*WORK REQUIRED*.
Extract the stretch of lines that starts at the line with "Colorful ingredients of" and ends at the last line of the data below. Give it exactly, without pictures.

*INPUT DATA*.
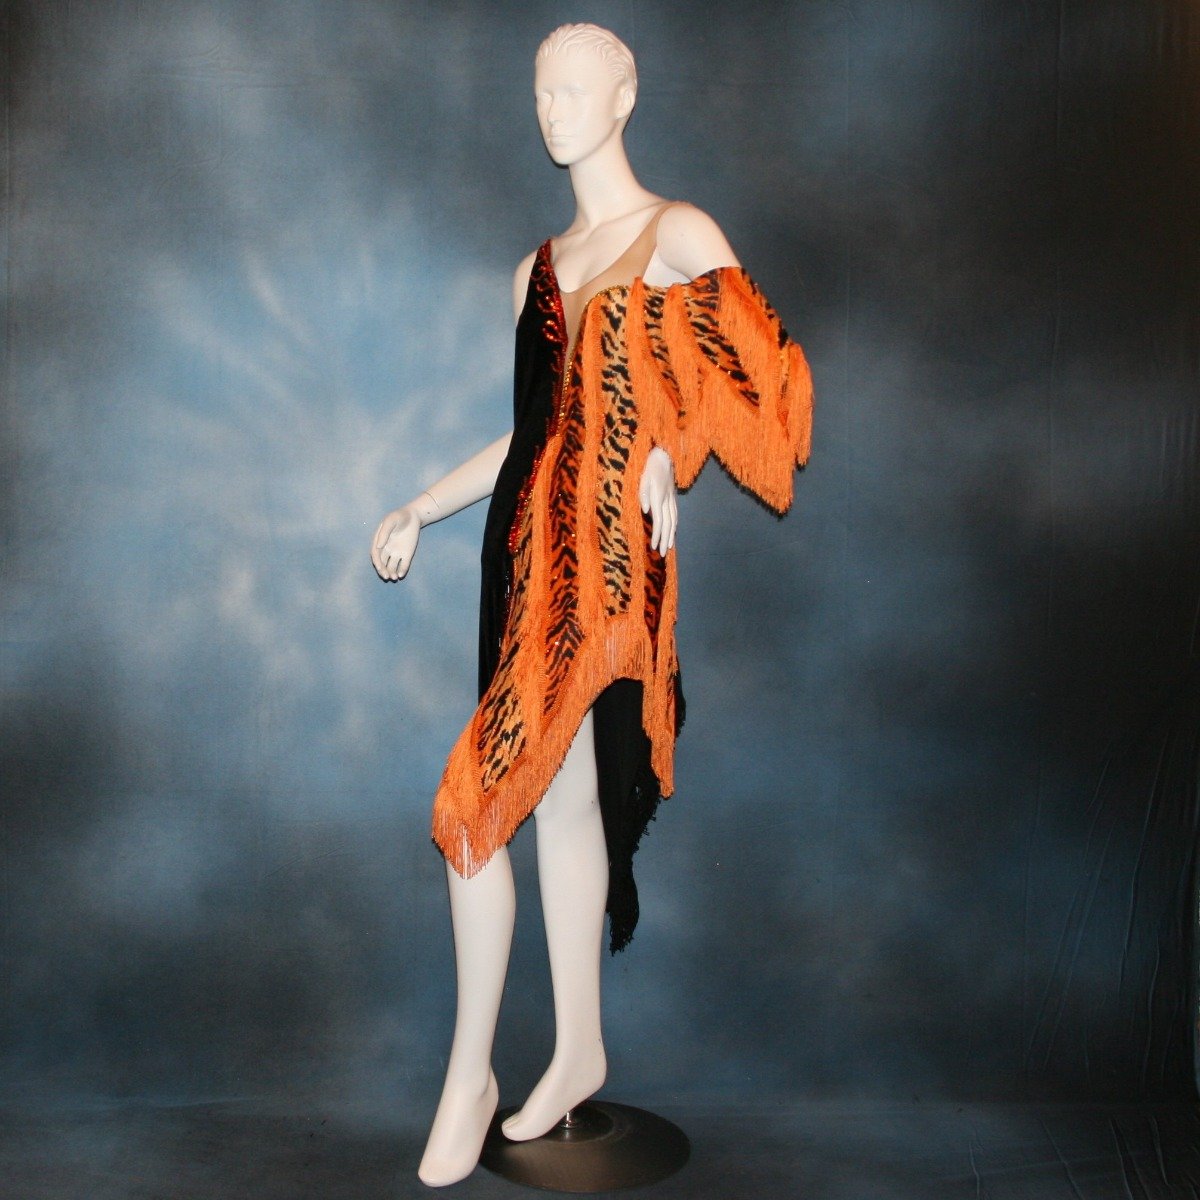 Crystal's Creations side view of orange & black tiger print Latin/rhythm dress with fringe
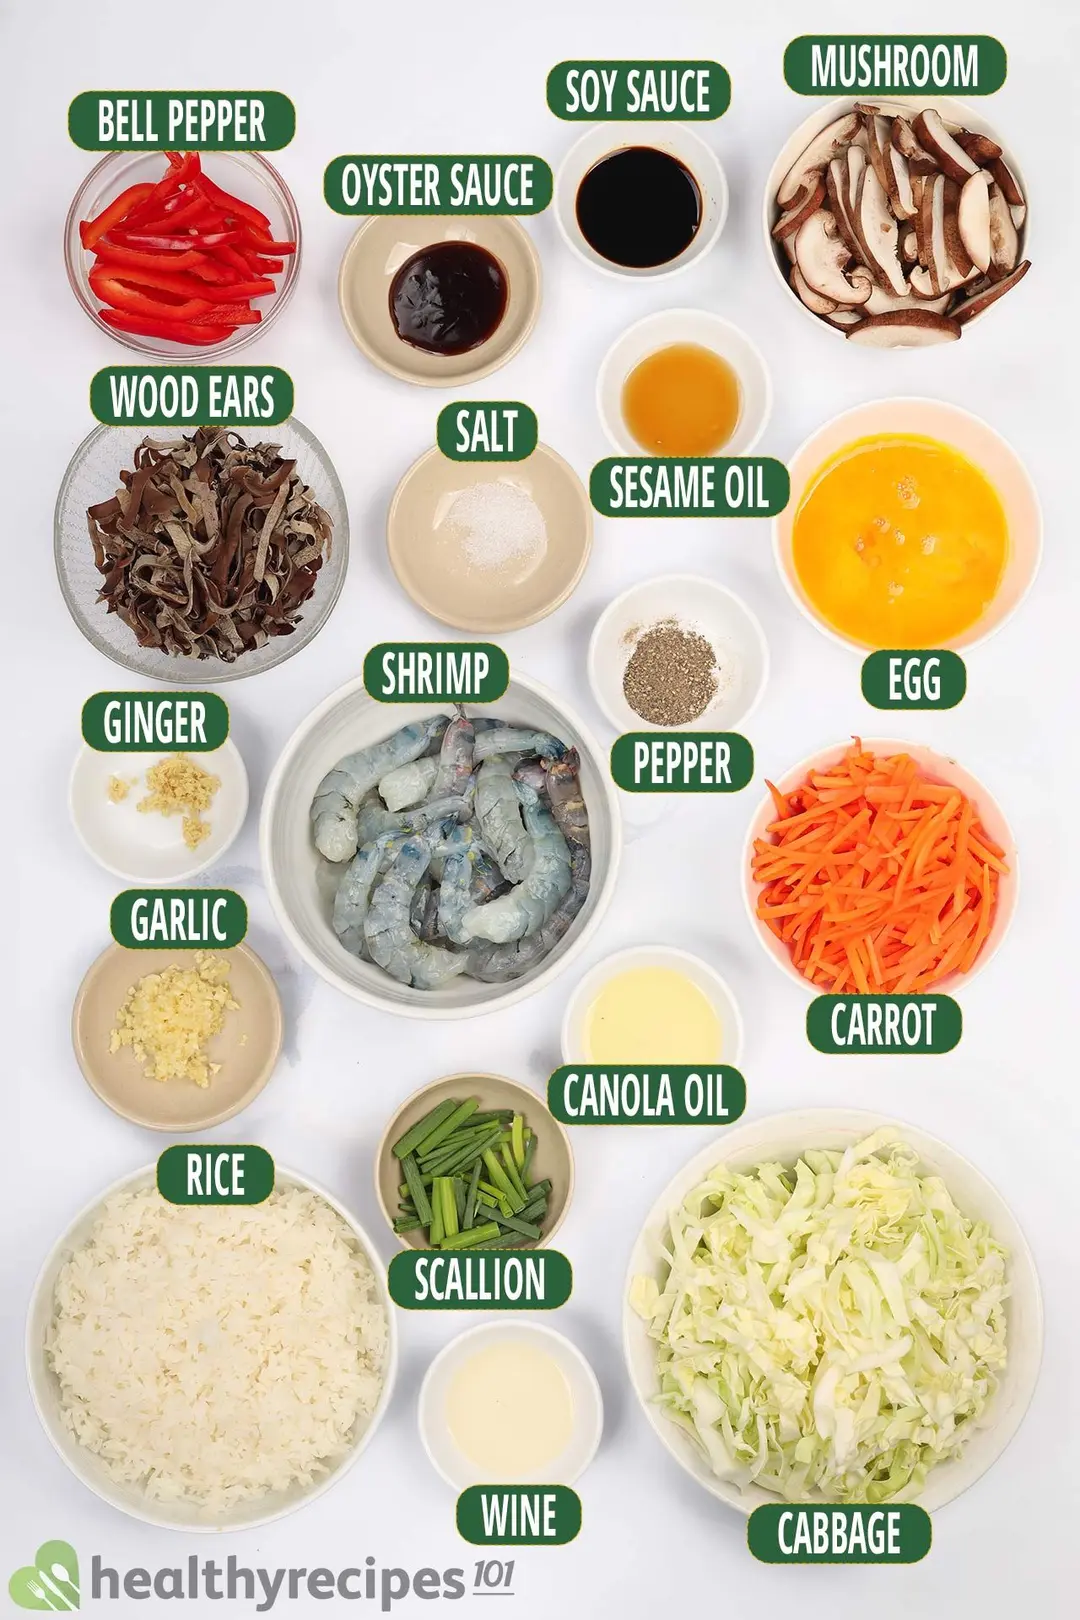 Colorful ingredients of moo shu shrimp: shredded cabbage, carrots, wood ears, mushrooms, shrimp, rice, and seasonings
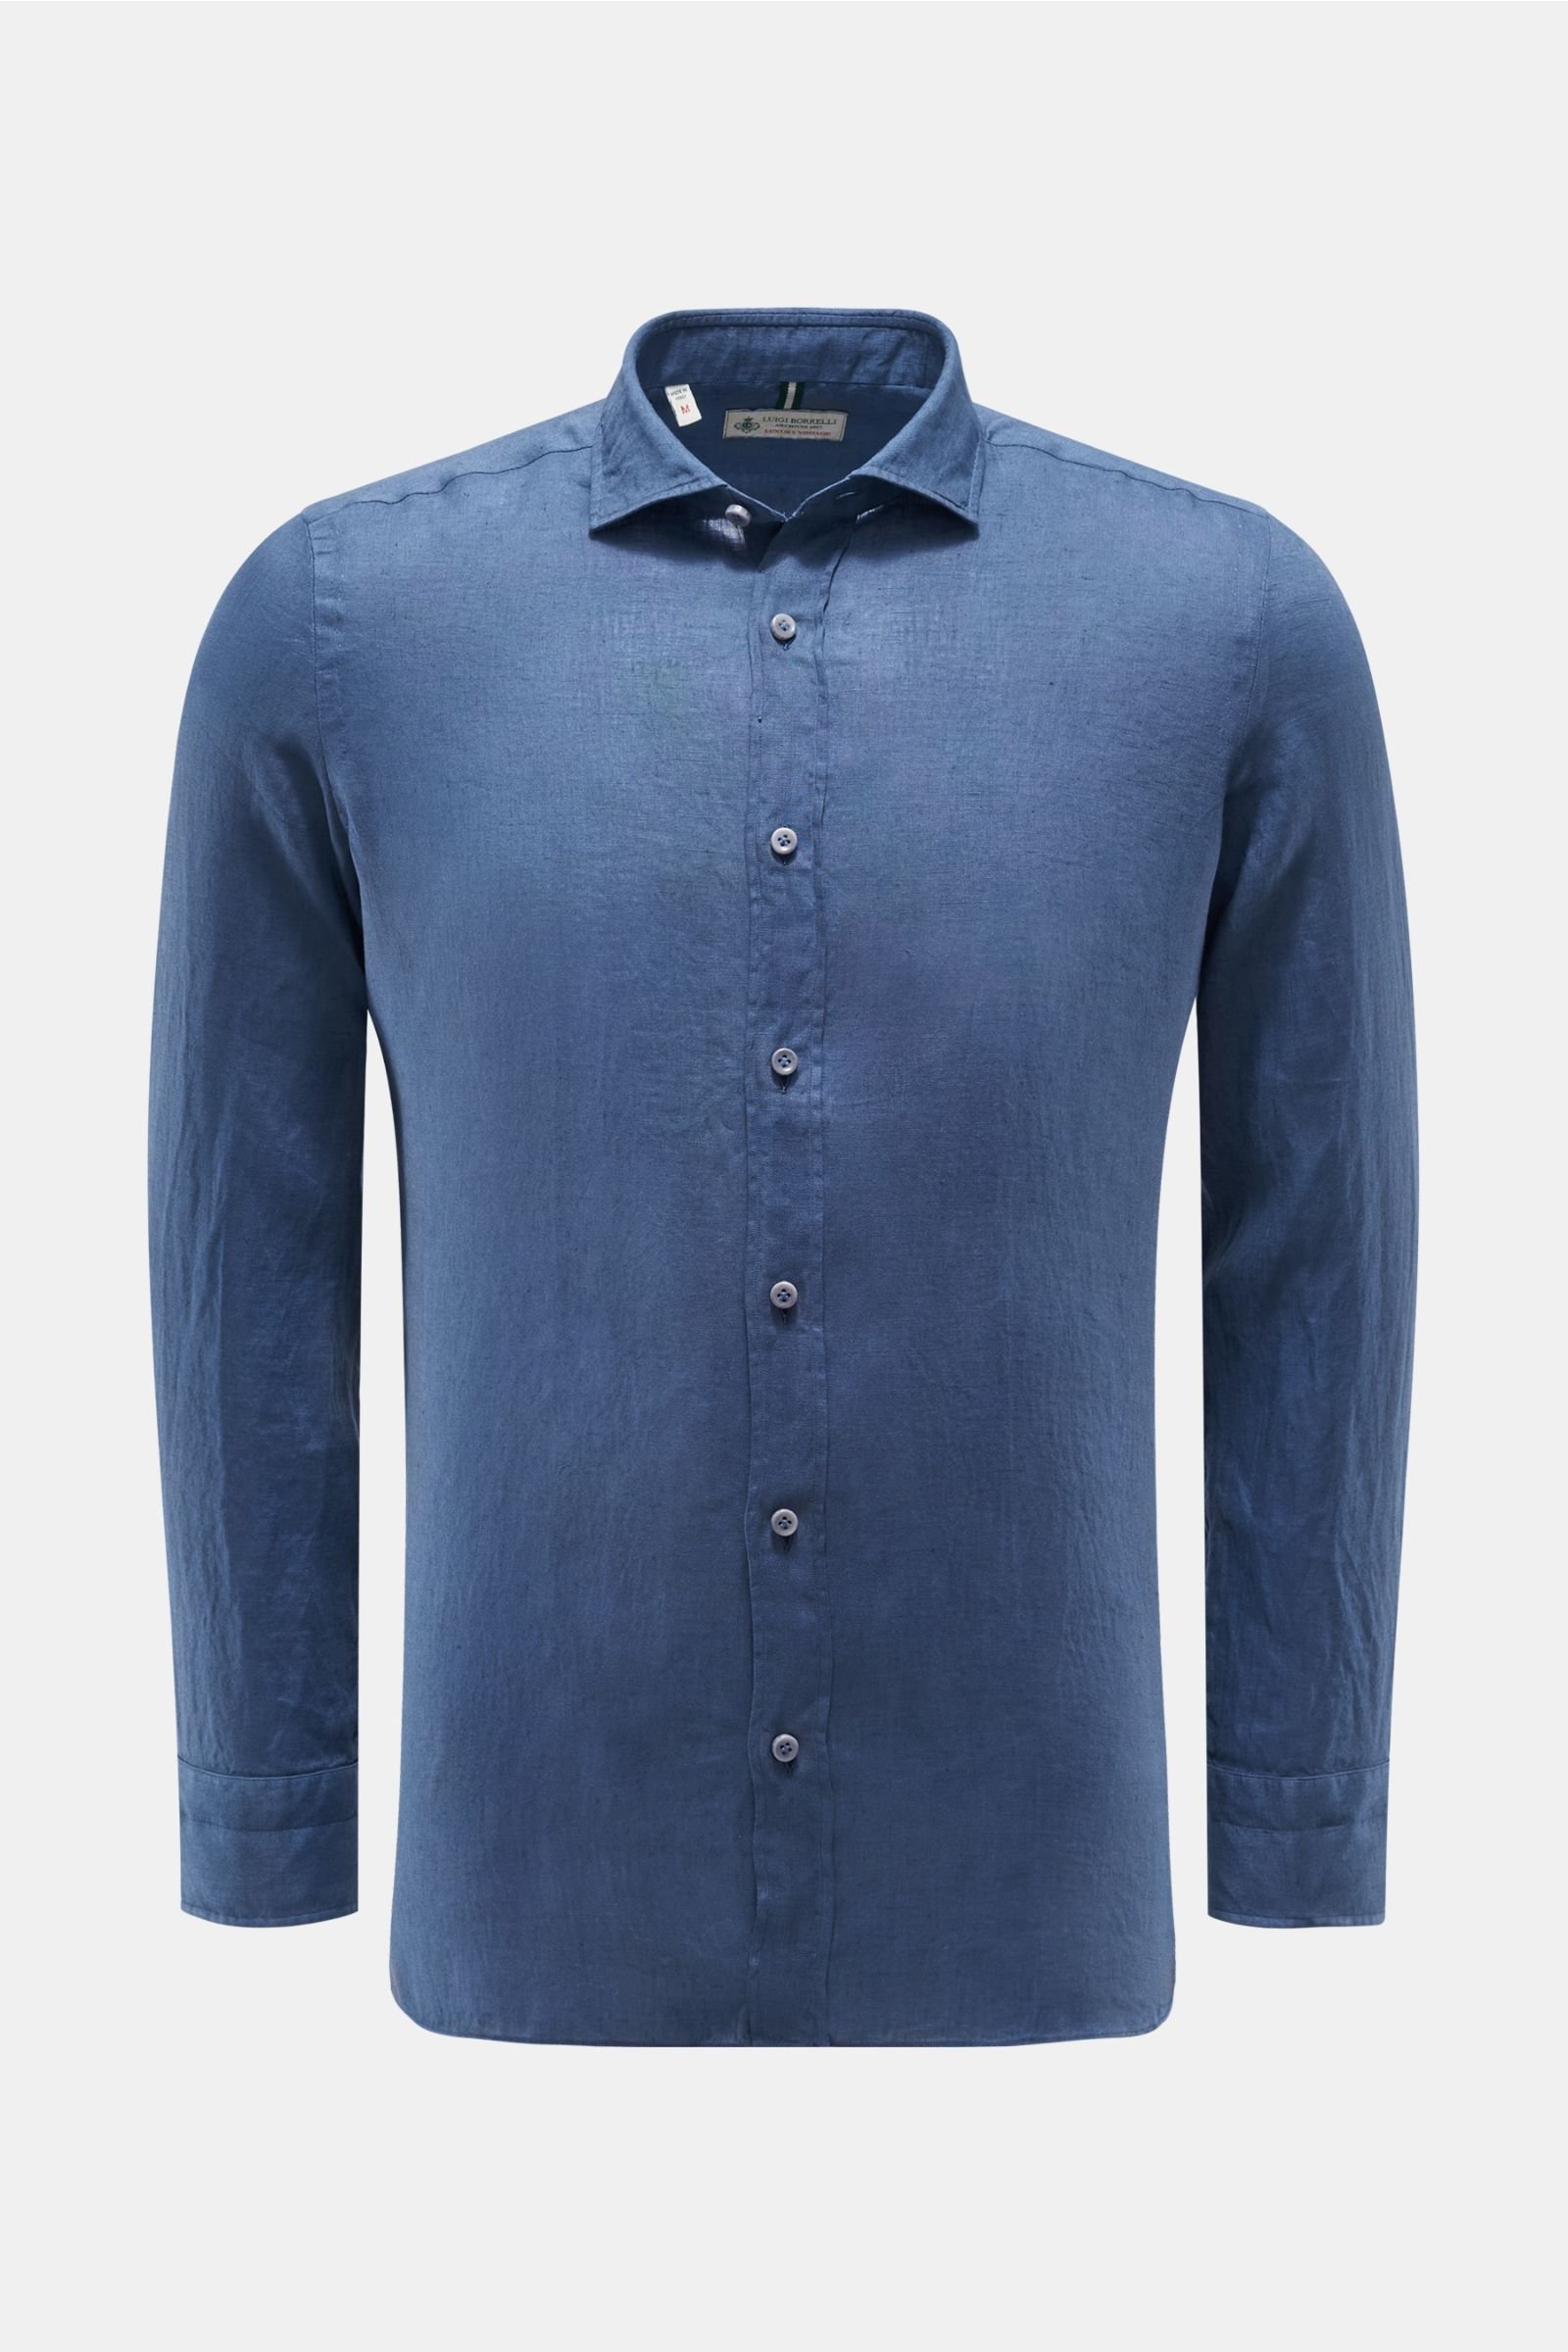 Linen shirt 'Positano' shark collar grey-blue

*ANSWER SECTION*.
 Colorful ingredients of moo shu shrimp: shredded cabbage, carrots, wood ears, mushrooms, shrimp, rice, and seasonings
 Linen shirt 'Positano' shark collar grey-blue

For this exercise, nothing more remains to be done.